Его жалобы мешали, а не помогали, и Сара выгнала его.
Когда она перевязала раны Дориана
– Я видела, как менее сильные люди, чем Дориан, оправлялись от более серьезных ран. Теперь все в руках Бога и времени.
Больше она ничем не могла утешить Тома. Сара дала Дориану опия и, как только снадобье подействовало, оставила с Томом и Мансуром. А сама начала готовить тело Ясмини к погребению.
Ей помогала малайская служанка, тоже мусульманка. Они отнесли Ясмини в хижину Сары в дальнем конце лагеря, положили на низкий стол и загородили ширмой. Сняли окровавленную одежду и сожгли на костре. Закрыли дивные черные глаза, блеск которых поблек. Вымыли детское тело Ясмини и натерли ароматным маслом. Перевязали единственную смертельную рану, пробившую сердце. Одели в чистое белое платье и уложили на погребальные носилки. Ясмини словно спала.
Мансур и Сара, любившие больше Ясмини только Дориана, выбрали в лесу место погребения.
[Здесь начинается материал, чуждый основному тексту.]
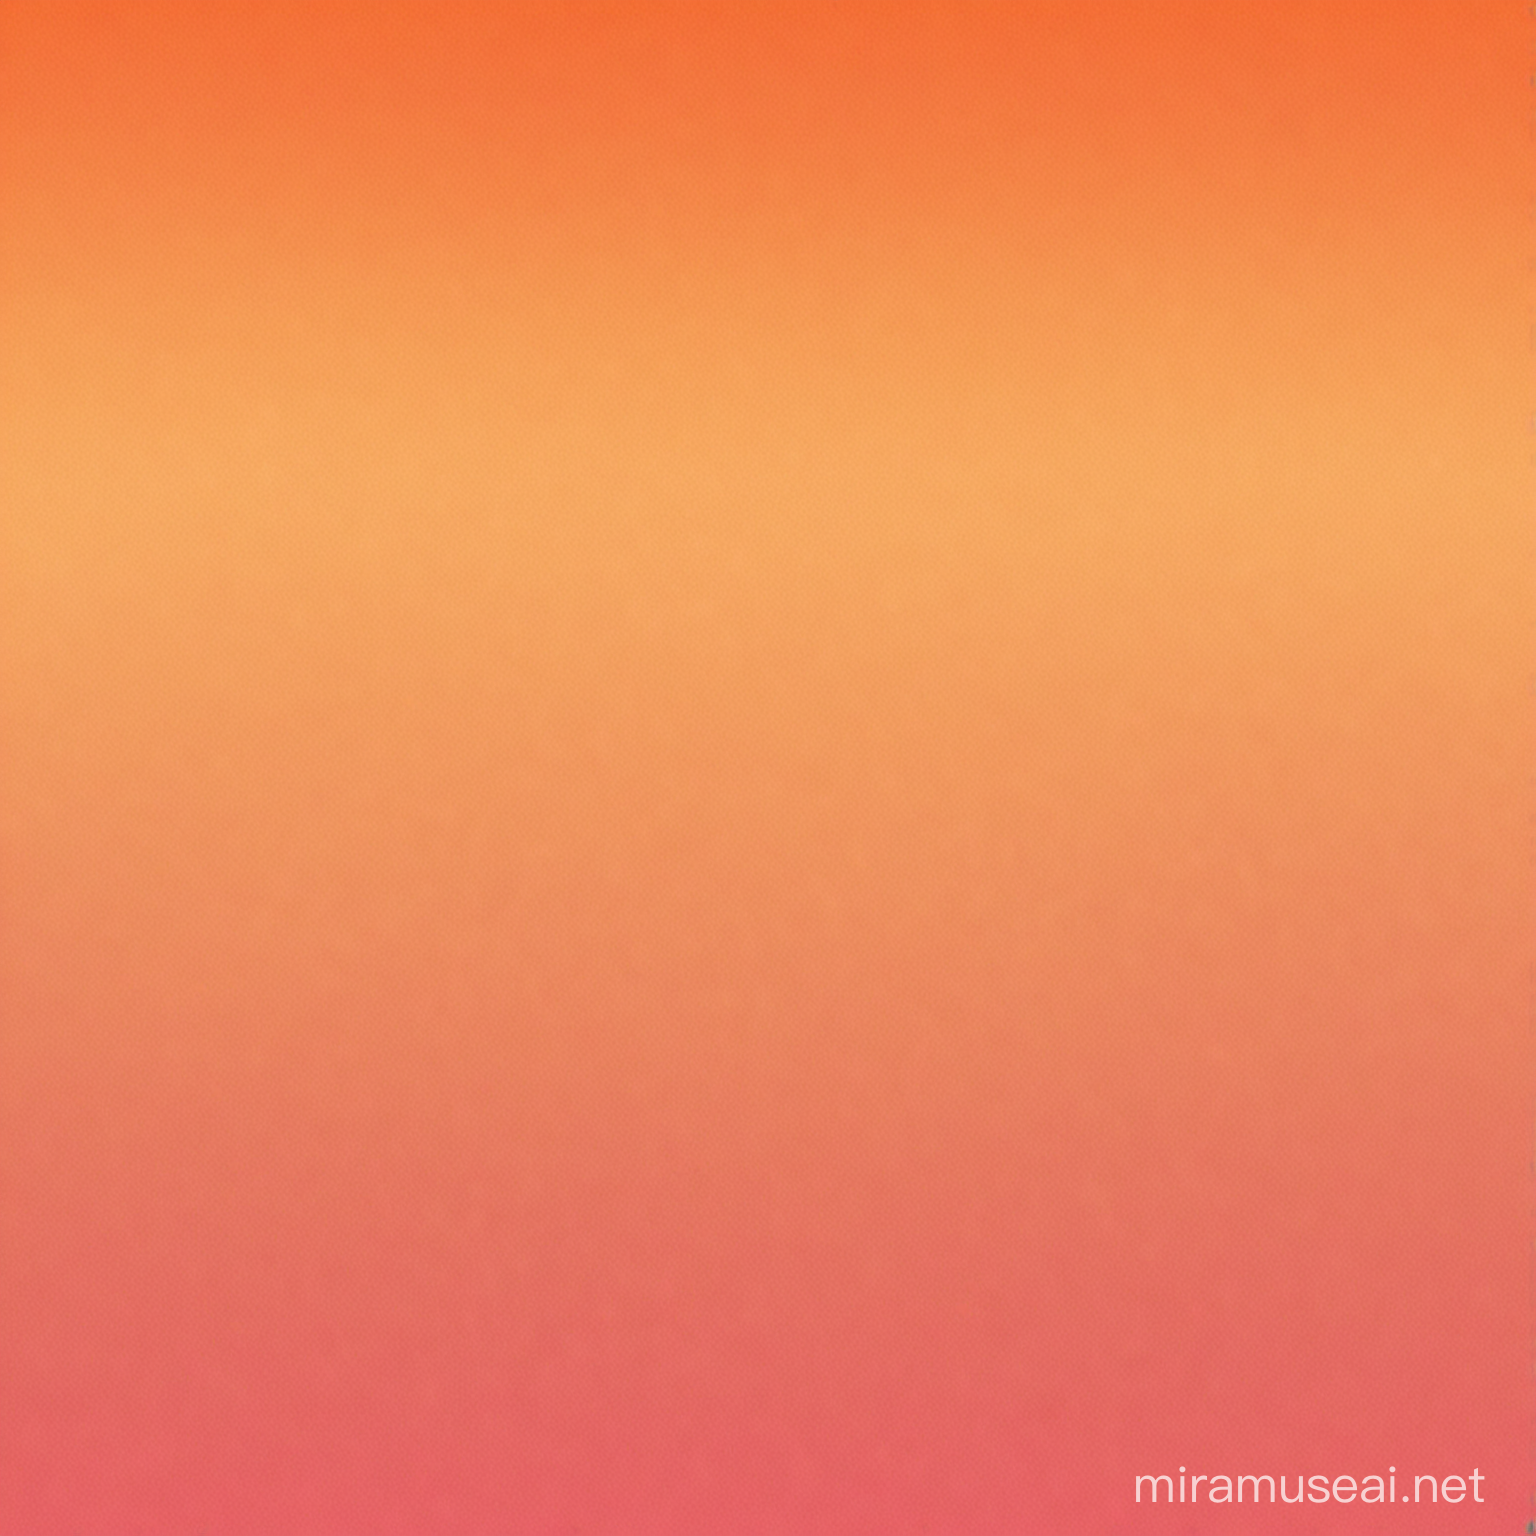 Orange gradient background

Вместе с экипажем «Дара» Мансур остался копать могилу, потому что закон ислама требовал, чтобы Ясмини похоронили до захода солнца в день ее смерти.
Когда носилки с Ясмини подняли и выносили из хижины, плач женщин привел в себя Дориана; очнувшись от наркотического забытья, Дориан слабо окликнул Тома, который подбежал к нему.
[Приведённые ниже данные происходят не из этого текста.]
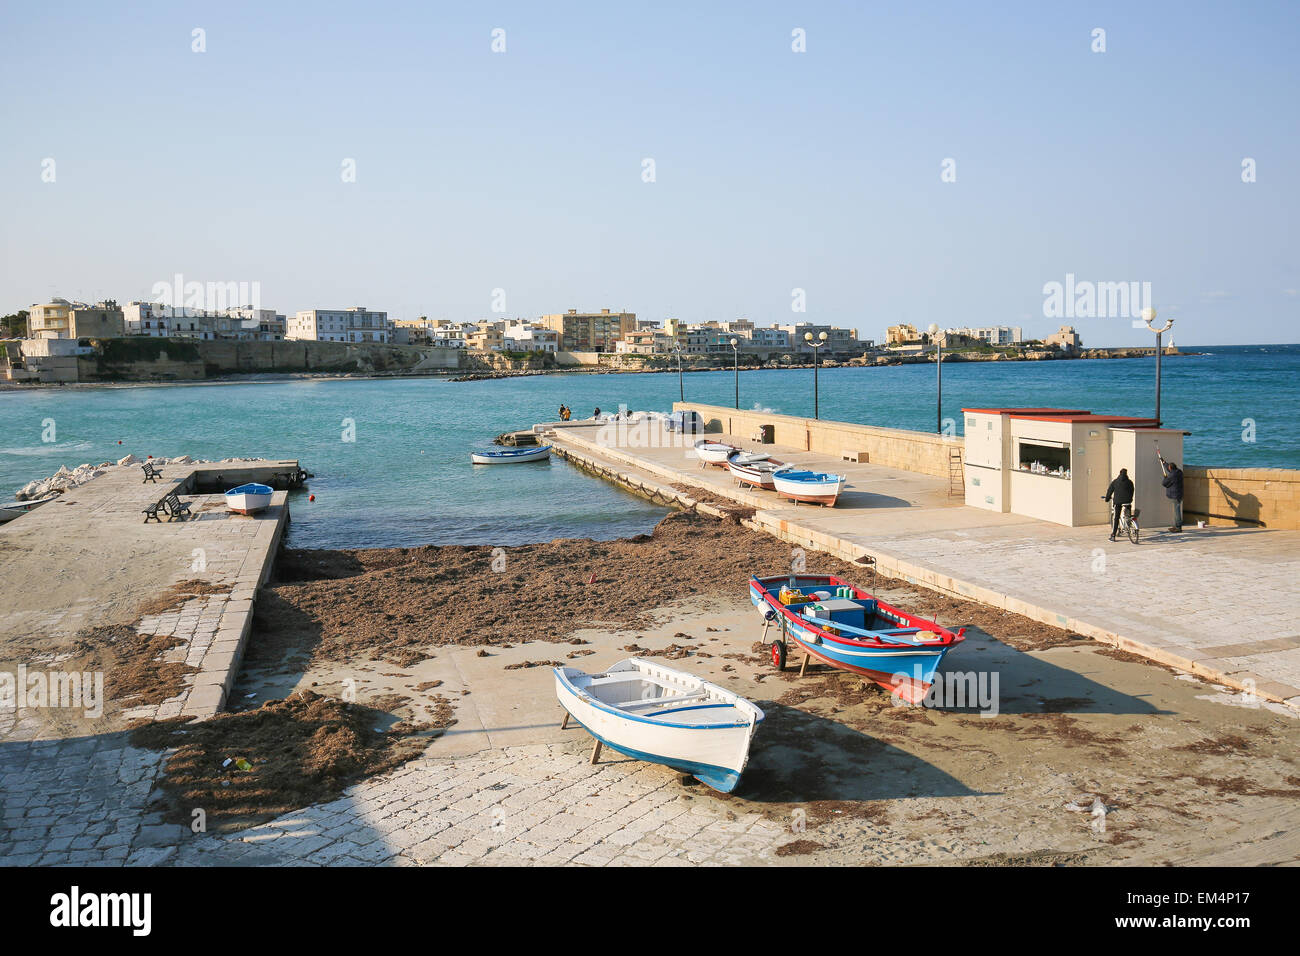 OTRANTO, Italia - 13 de marzo de 2015: frente al mar en la ciudad de Otranto, una ciudad en la provincia de Lecce, Puglia, Italia. Foto de stock

– Принеси ко мне Ясси, – прошептал Дориан.
– Нет, брат, тебе нельзя двигаться. Любое движение может серьезно осложнить твое положение.
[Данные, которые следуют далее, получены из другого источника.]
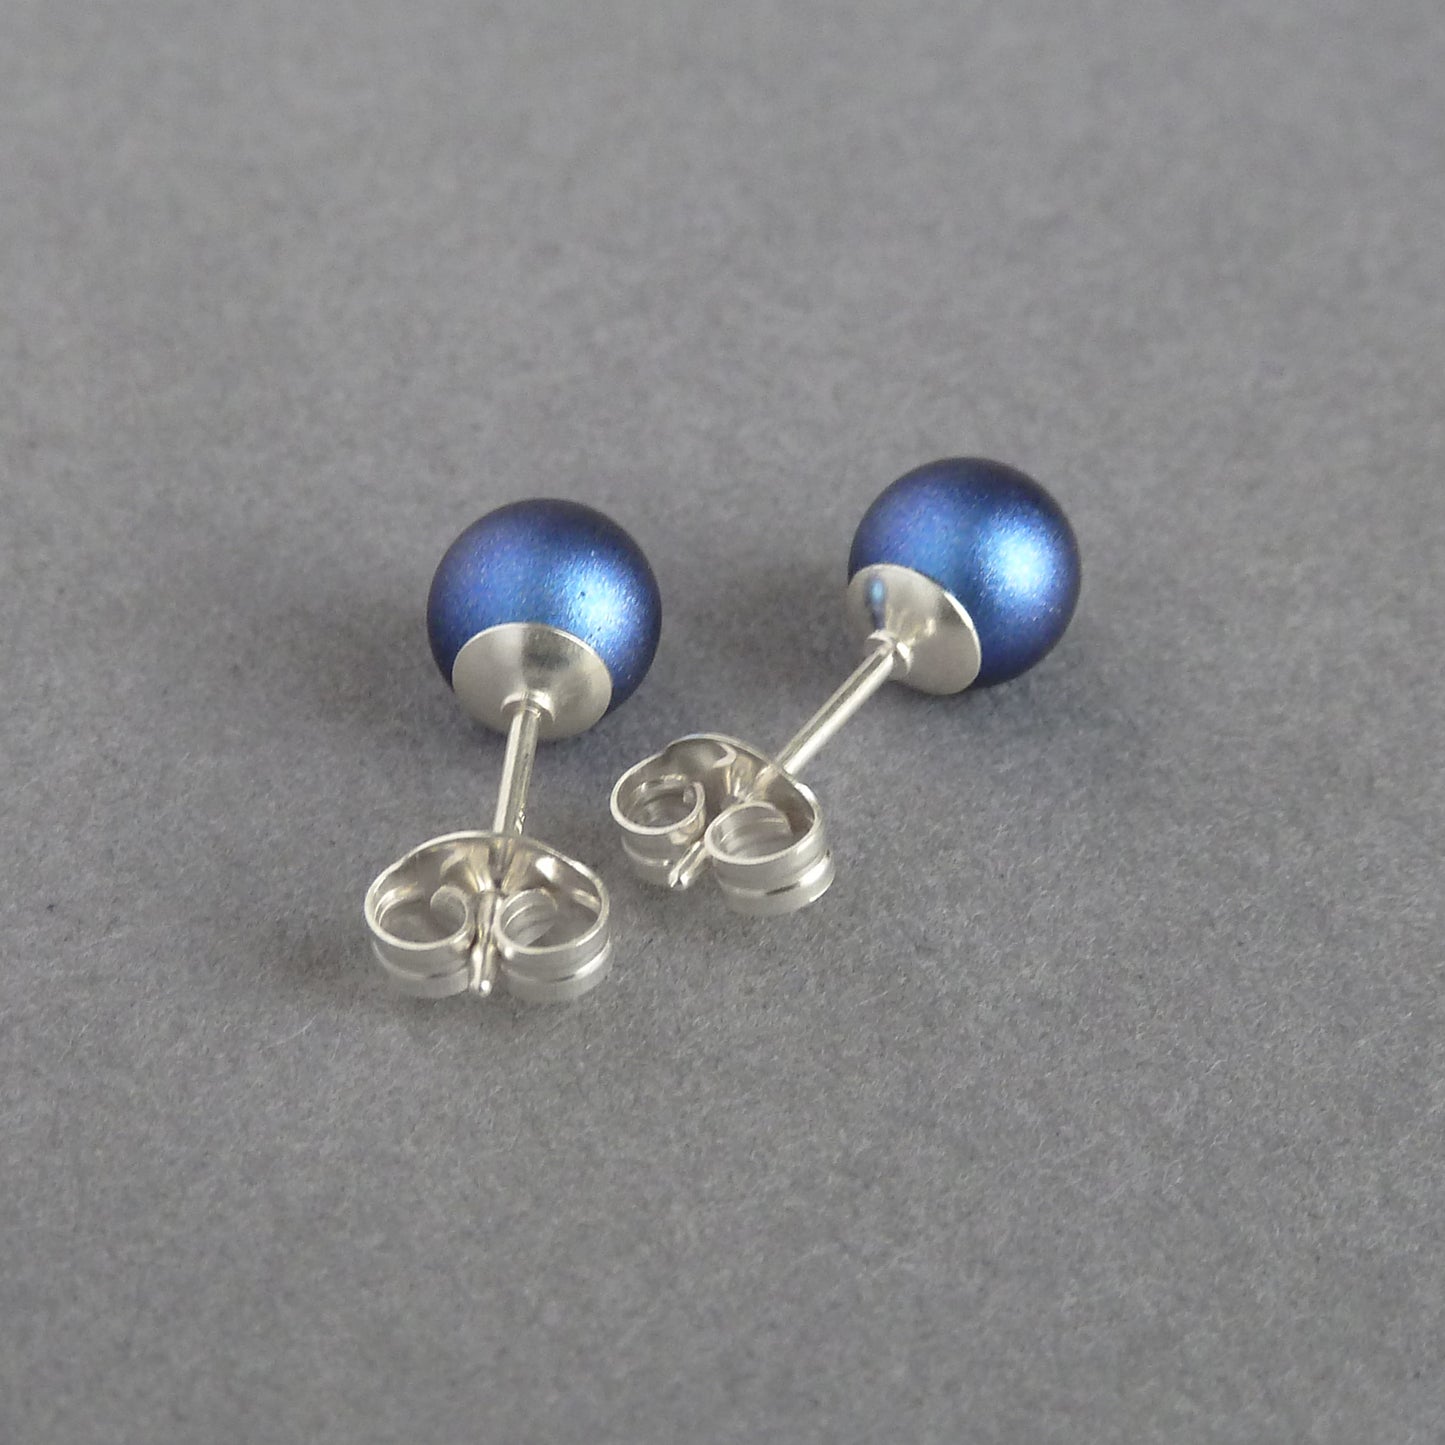 Small dark blue pearl studs

– Если не принесешь, я сам пойду к ней.
Дориан попытался сесть, но Том мягко удержал его и крикнул Мансуру, чтобы погребальные носилки принесли к постели.
По настоянию Дориана Том и Мансур поддержали его, чтобы он в последний раз смог поцеловать жену в губы. Потом Дориан снял с пальца золотое кольцо, над которым произнес брачный обет. Кольцо слезло с трудом: Дориан его никогда не снимал. Мансур поддерживал руку отца, и тот надел кольцо на тонкий палец Ясмини. Кольцо было велико, но Дориан согнул палец, чтобы оно не соскользнуло.
– Иди с миром, любовь моя. И пусть Аллах примет тебя в свое лоно.
Как и предупреждал Том, усилия изнурили Дориана, и он опустился на тюфяк. Повязка на груди покраснела от свежей крови.
Ясси отнесли к могиле и осторожно опустили туда. Сара закрыла ей лицо шелковым платком. Том и Мансур никому не доверили закапывание могилы. Сара была с ними, пока они не закончили. Затем взяла Тома и Мансура за руки и отвела их в лагерь.
Том и Мансур сразу отправились к дереву, к которому был привязан Кадем. Том мрачно хмурился, подбоченясь и стоя над пленником. От удара рукоятью пистолета на голове Кадема вскочила большая шишка. Кожа на голове лопнула, черная кровь уже начинала сворачиваться в ссадине. Однако Кадем пришел в себя и был настороже. Он смотрел на Тома взглядом фанатика.